The umbilical cable had been cut. The drone’s national origin was never disclosed.
In 2015 Pipeline Journal reported:
[T]he Swedish military has successfully cleared a remote operated vehicle (drone) rigged with explosives found near Line 2 of the Nord Stream Natural Gas offshore pipeline system.
The vehicle was discovered during a routine survey operation as part of the annual integrity assessment of the Nord Stream pipeline.
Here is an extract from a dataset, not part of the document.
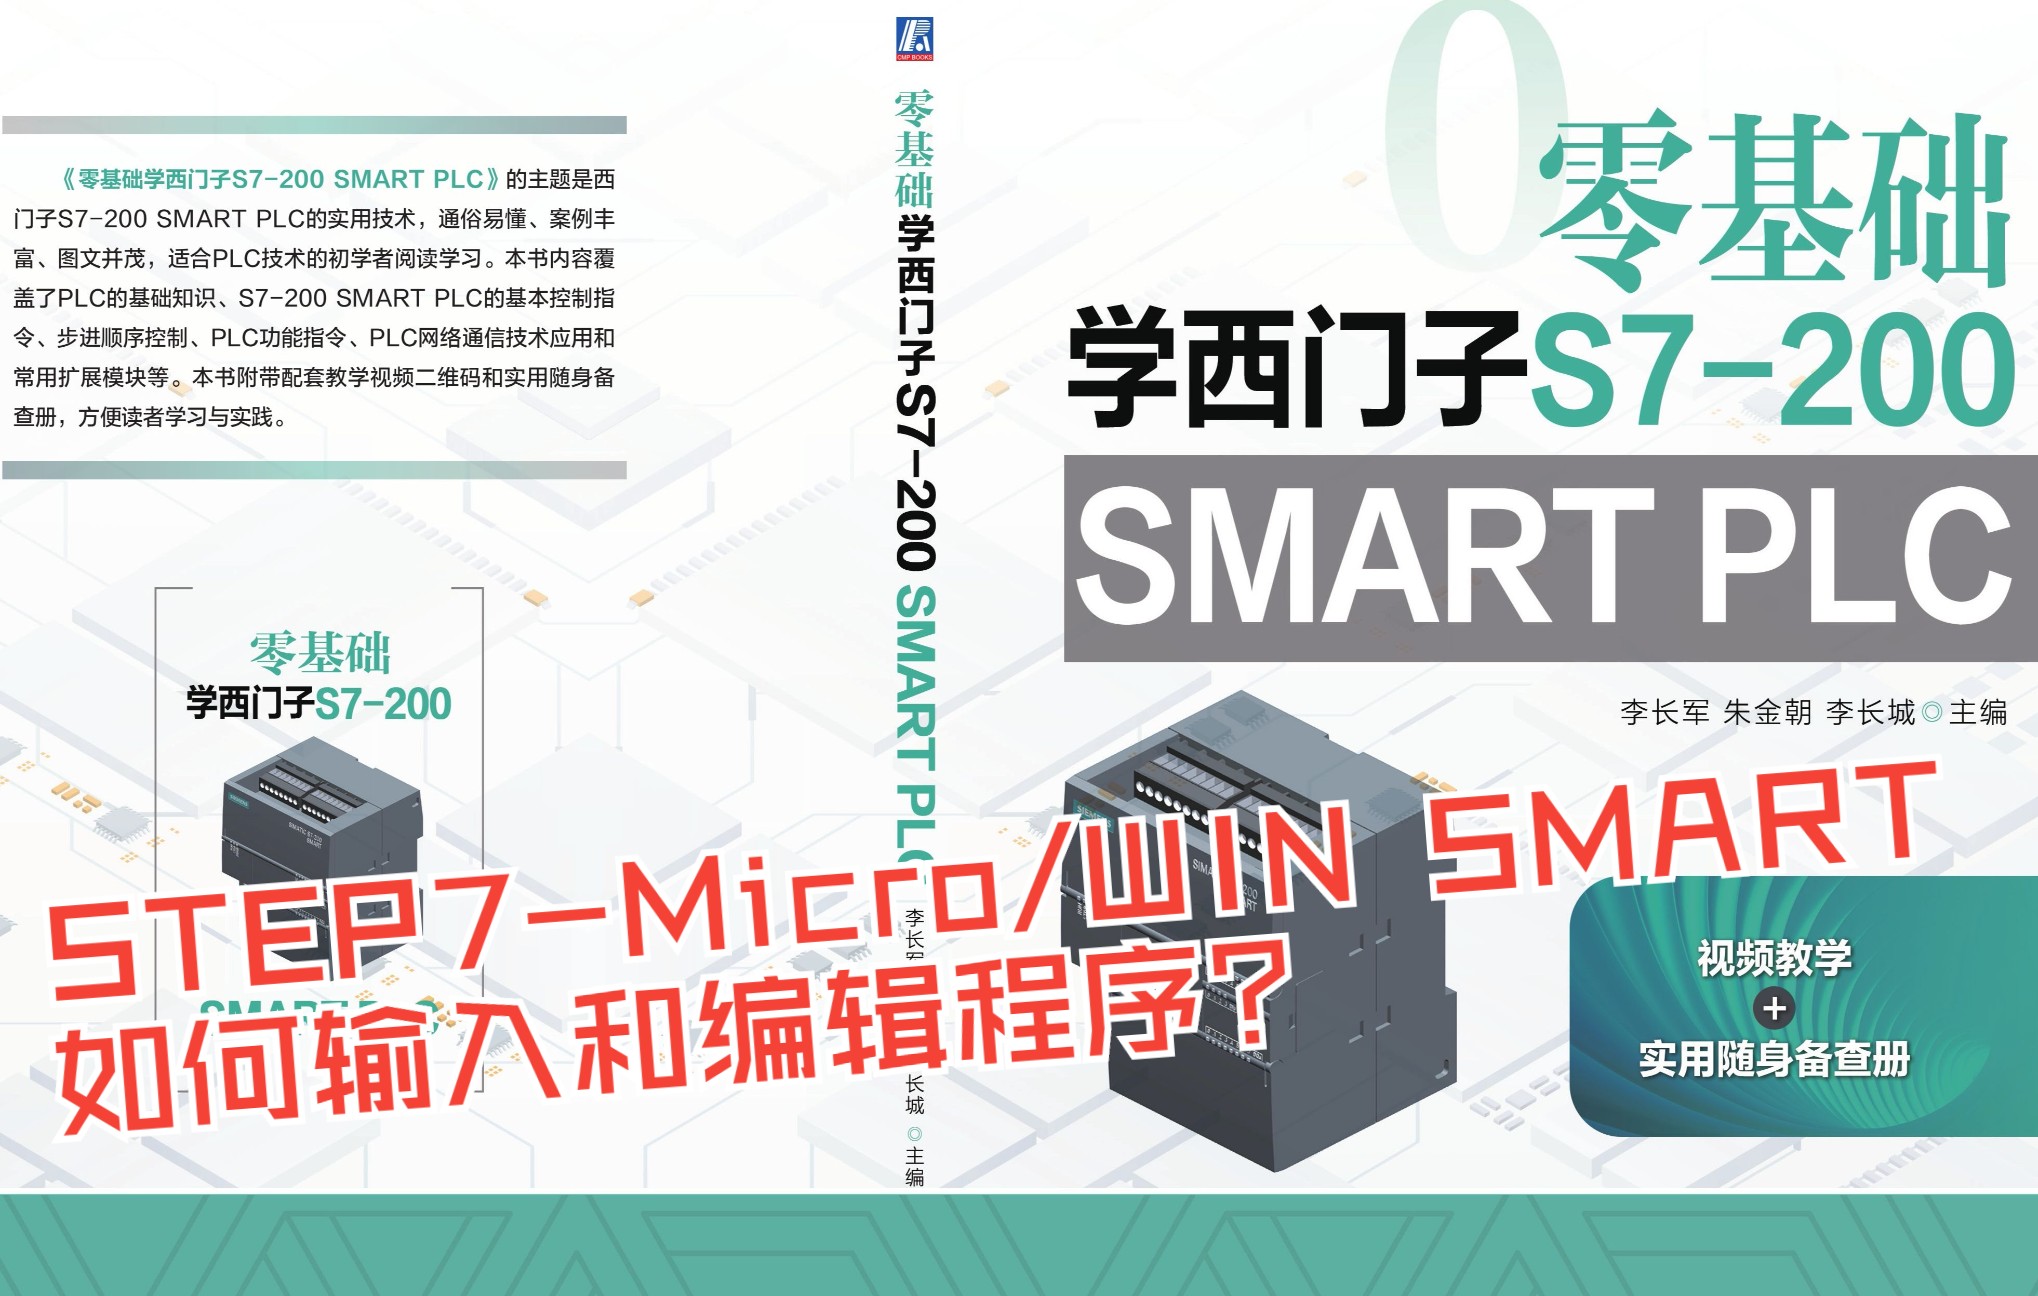 西门子PLC：在STEP7-Micro/WIN SMART中如何输入和编辑程序？

Since it was within the Swedish Exclusive Economic Zone (EEZ) approximately 120 km away from the island of Gotland, the Swedes called on their armed forces to remove and ultimately disarm the object.
...
The national identity of the drone has not been verified so far, as many countries use Unmanned Underwater Vehicles (UUVs) of a similar construction, [Jesper Stolpe, Swedish Armed Forces spokesman,] said.
To destroy a sub sea pipeline requires more than a ROV/drone delivered shaped charge.
Javier Blas @JavierBlas - 15:18 UTC · Sep 27, 2022
How strong is a Nord Stream pipe? Quite!
The steel pipe itself has a wall of 4.1 centimeters (1.6 inches), and it's coated with another 6-11 cm of steel-reinforced concrete. Each section of the pipe weighs 11 tonnes, which goes to 24-25 tonnes after the concrete is applied.
It wasn't earthquakes that destroyed the pipelines. These were several well targeted and massive explosions:
A Swedish seismologist said on Tuesday he was certain the seismic activity detected at the site of the Nord Stream pipeline gas leaks in the Baltic Sea was caused by explosions and not earthquakes nor landslides.
Bjorn Lund, seismologist at the Swedish National Seismic Network at Uppsala University, said seismic data gathered by him and Nordic colleagues showed that the explosions took place in the water and not in the rock under the seabed.
The targeted explosions were not small:
Dagny Taggart @DagnyTaggart963 - 15:56 UTC · Sep 27, 2022
Swedish seismologists from Lund University noted that "at least 100 kg of TNT (perhaps more) were used to destroy the pipelines."